In my fevered brain, it all connected with something by George Orwell, an essay fronting a collection of E.W. Hornung's stories, from 1899, about A.J. Raffles, the public-school boy and West End clubman whose amazing cricket skills and infallible taste allow him to mingle among the upper crust whom he burgles for a living. Writing in 1944, Orwell compares Raffles' exploits to a contemporary American gangster story by James Hadley Chase. 1939's No Orchids for Miss Blandish includes multiple varieties of torture, rapes, Stockholm sydrome, murders and police abuses. Citing the increase in Might Makes Right as entertainment, Orwell writes:

People worship power in the form in which they are able to understand it. A twelve year old boy worships Jack Dempsey. An adolescent in a Glasgow slum worships Al Capone... A New Statesman reader worships Stalin. There is a difference in intellectual maturity, but none in moral outlook. Thirty years ago the heroes of popular fiction had nothing in common with Chase's gansters and detectives...Between [Sherlock] Holmes and Fenner [Chase's protagonist] on the one hand, and between Abraham Lincoln and Stalin on the other, there is a similar gulf.

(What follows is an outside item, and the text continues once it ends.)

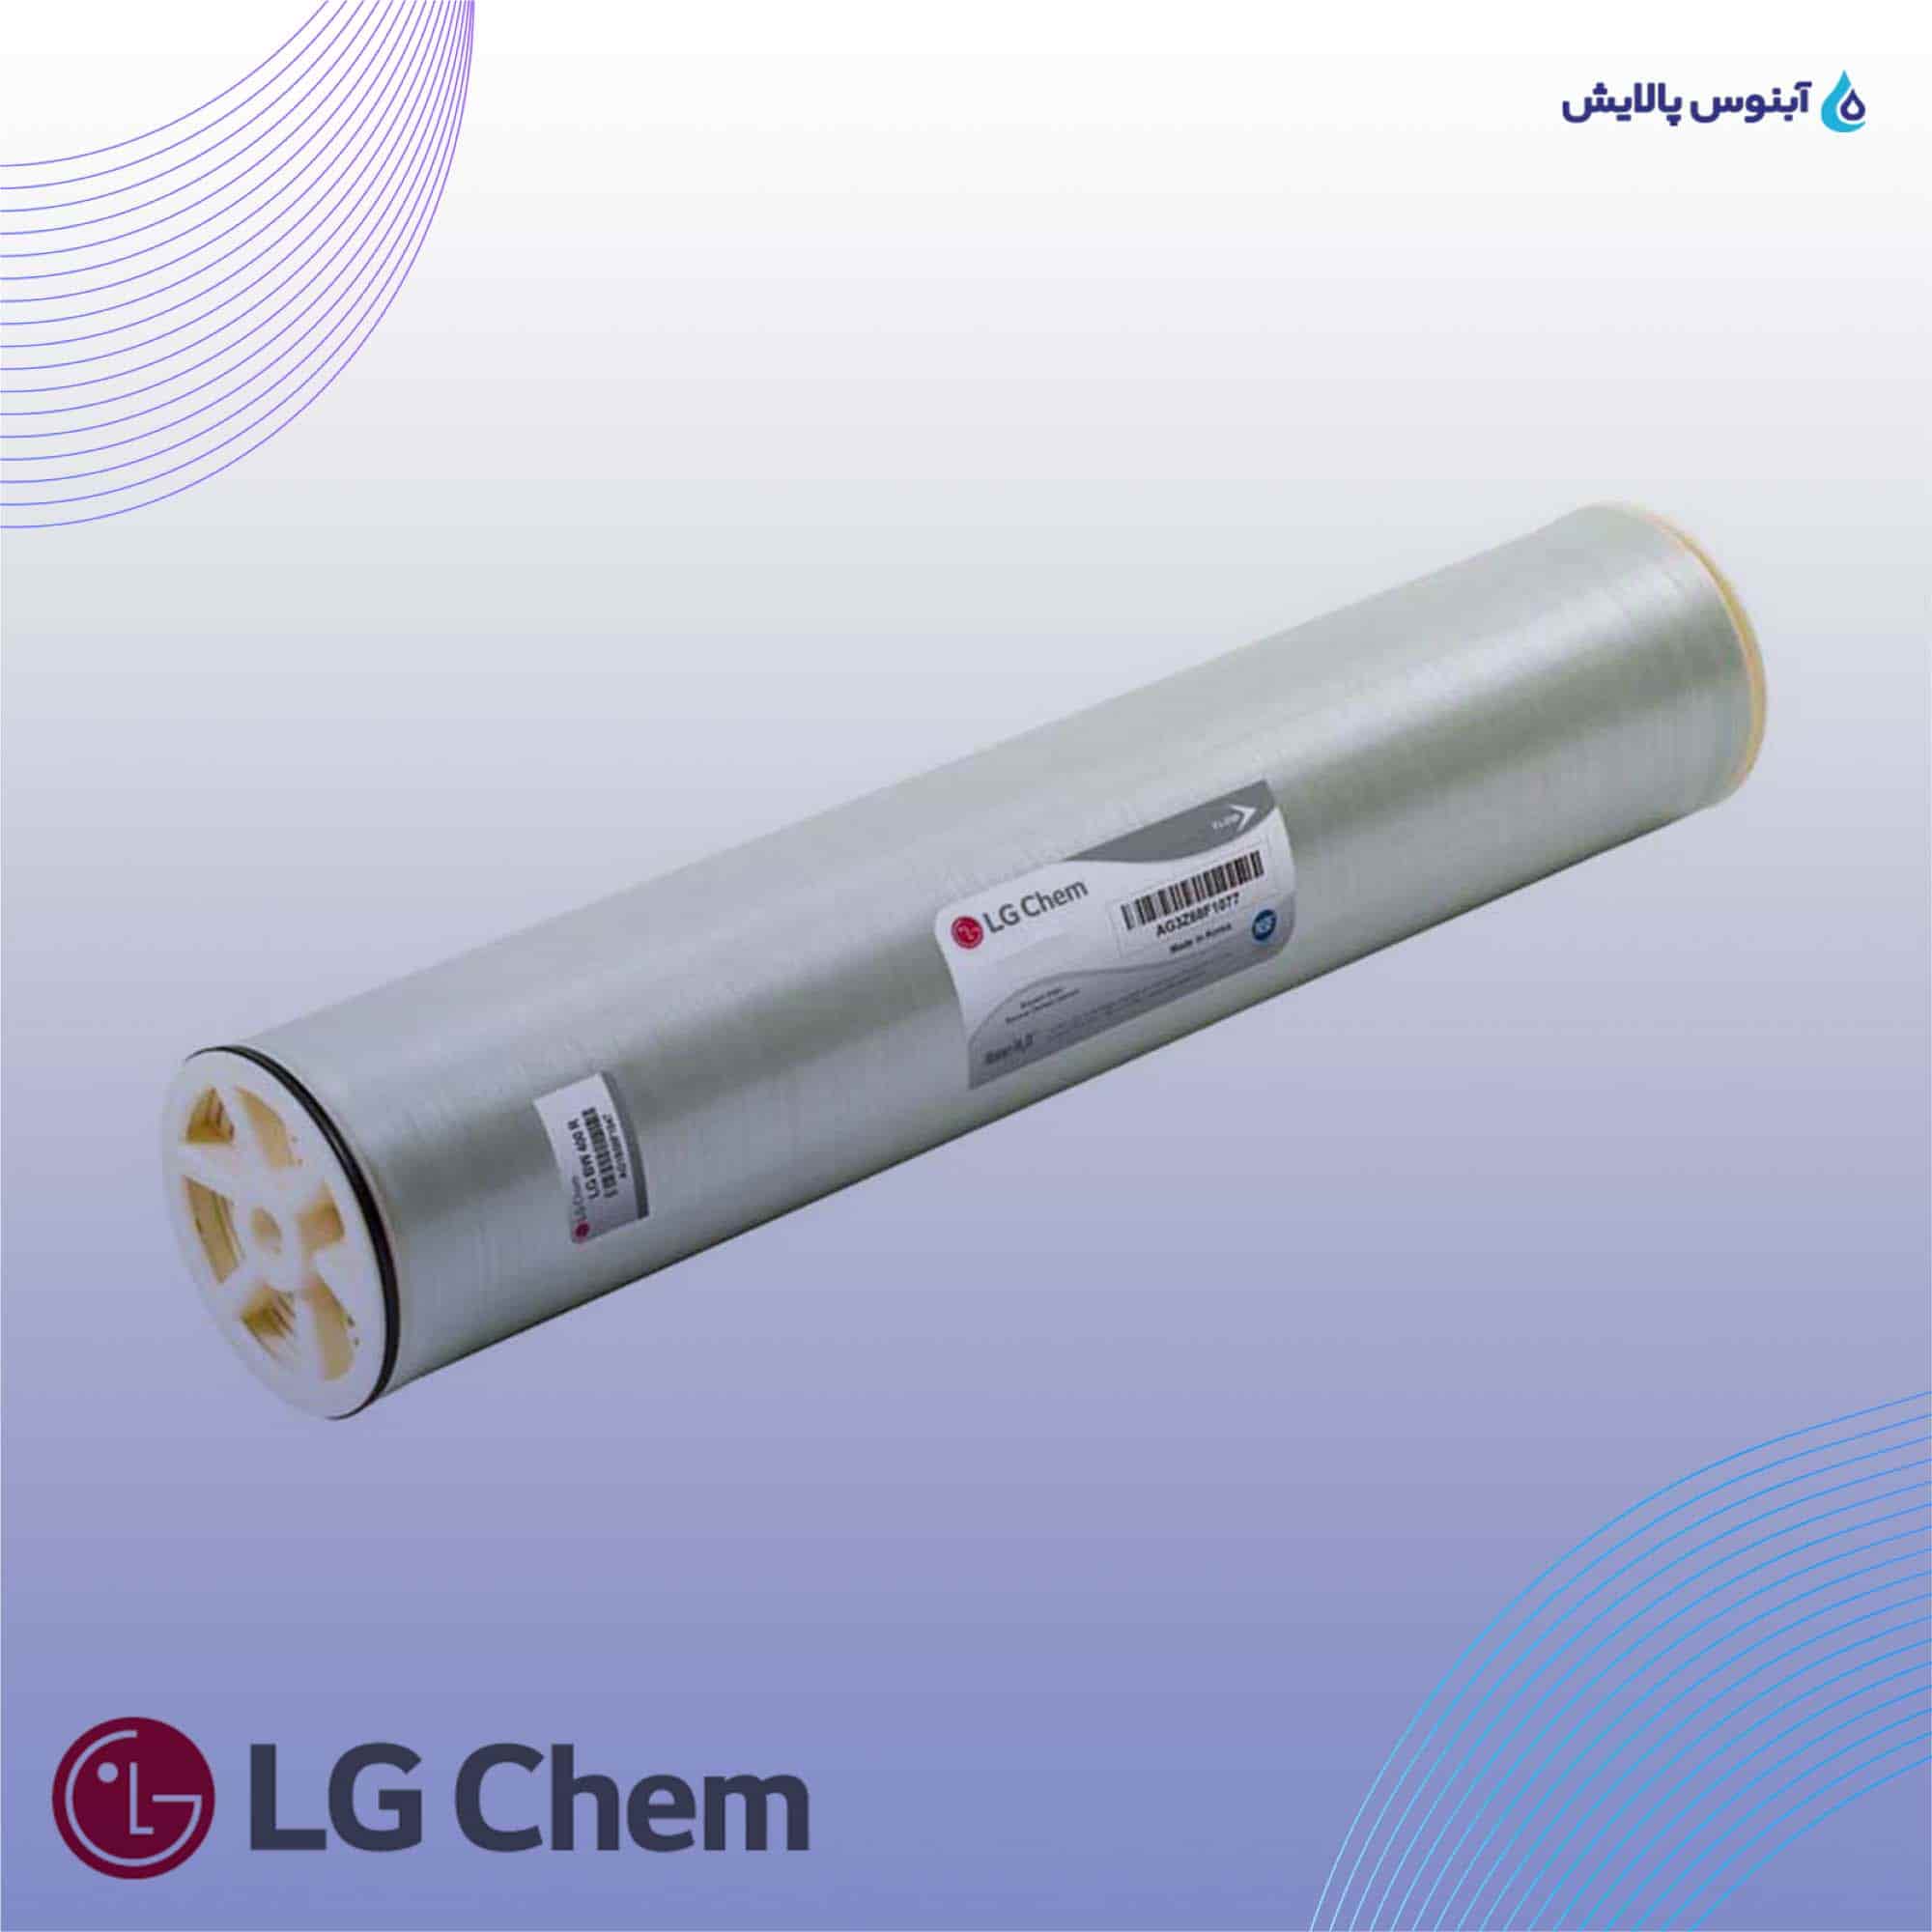 ممبران دریایی 8 اینچ ال جی کم (LG Chem) مدل LG SW 440 GR

One ought not to infer too much from the success of Mr. Chase's books. It is possible that it is an isolated phenomenon, brought about by the mingled boredom and brutality of war [sound prescient?]...Raffles, as I have pointed out, has no real moral code, no religion, certainly no social consciousness. All he has is a set of reflexes- the nervous system, as it were, of a gentleman...In Mr Chase's books there are no gentlemen, and no taboos. Emancipation is complete. Freud and Machiavelli have reached the outer suburbs. Comparing the schoolboy atmosphere of the one book with the cruelty and corruption of the other, one is driven to feel that snobbishness, like hypocrisy, is a check upon human behavior whose value from a social point of view has been underrated.

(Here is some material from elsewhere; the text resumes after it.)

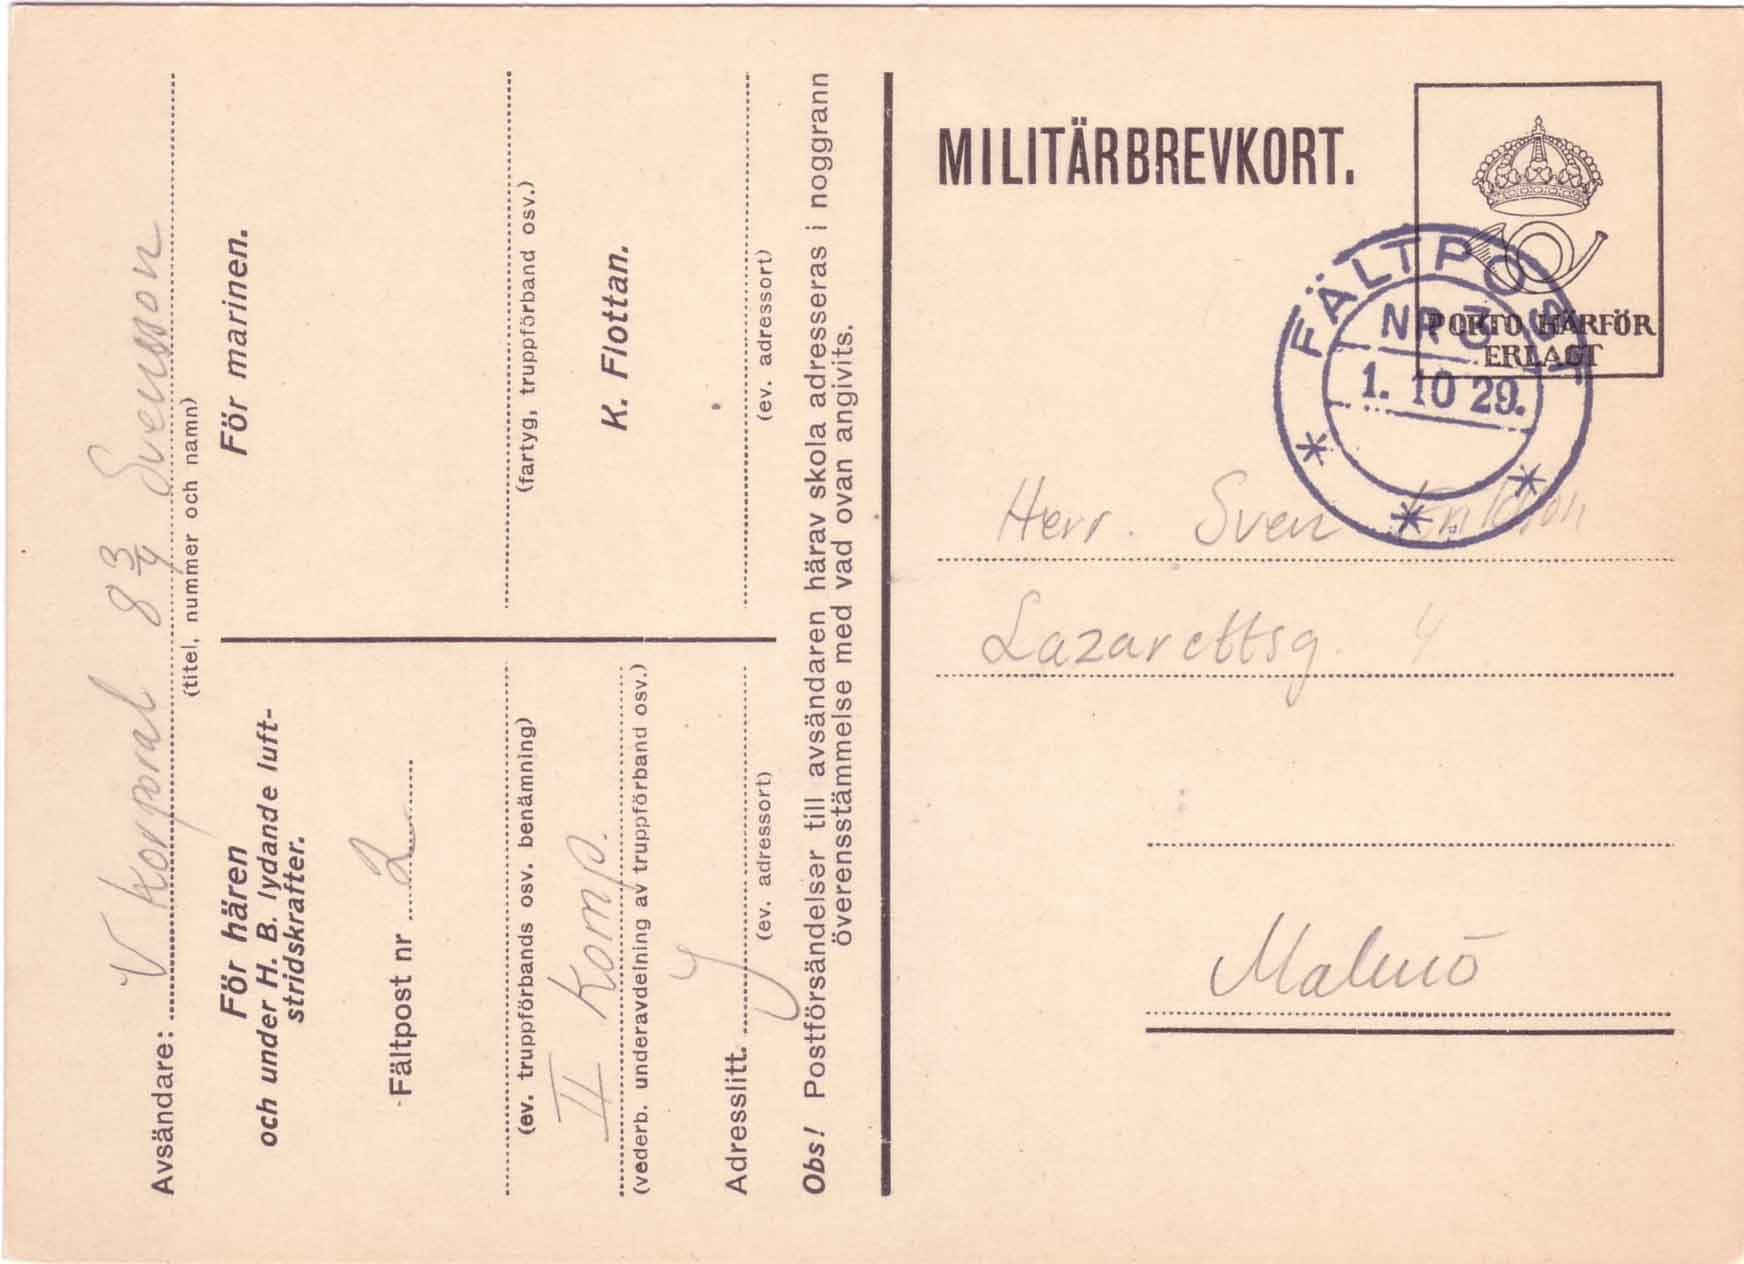 Militärbrevkort från 1929

JIST: When I talk about politeness or being courteous, I'm not referring the etiquette of table utensils for prawn cheeks or the correct address for the wife of Burundi's ambassador. Should the need arise, do look up such miscellania online. What I refer to is an old-fashioned ideal that many feel slipping from evidence in the public square. Courtesy predjudices one toward and habituates behavior characterised by tolerance, patience, consideration for others, generosity, dignity, self-control, and deference of the strong to needs of the weaker.

Within courtesy, I perceive practical training against narcissism and impatience among the young. I perceive habits that encourage respect for individual differences while lubricating smooth function of the whole. I see facilitation of effective debate across classes and democracy's defense against accusations of popular unfitness by dictator-loving elitists. I see a standard of civil conduct which need not rely upon or preclude religious observance. I see elevation of women's social status and of those that protect the weak from violence and coercion.

Is it possible that this cheaply held, neglected minor virtue is the pillar of all decent civilization?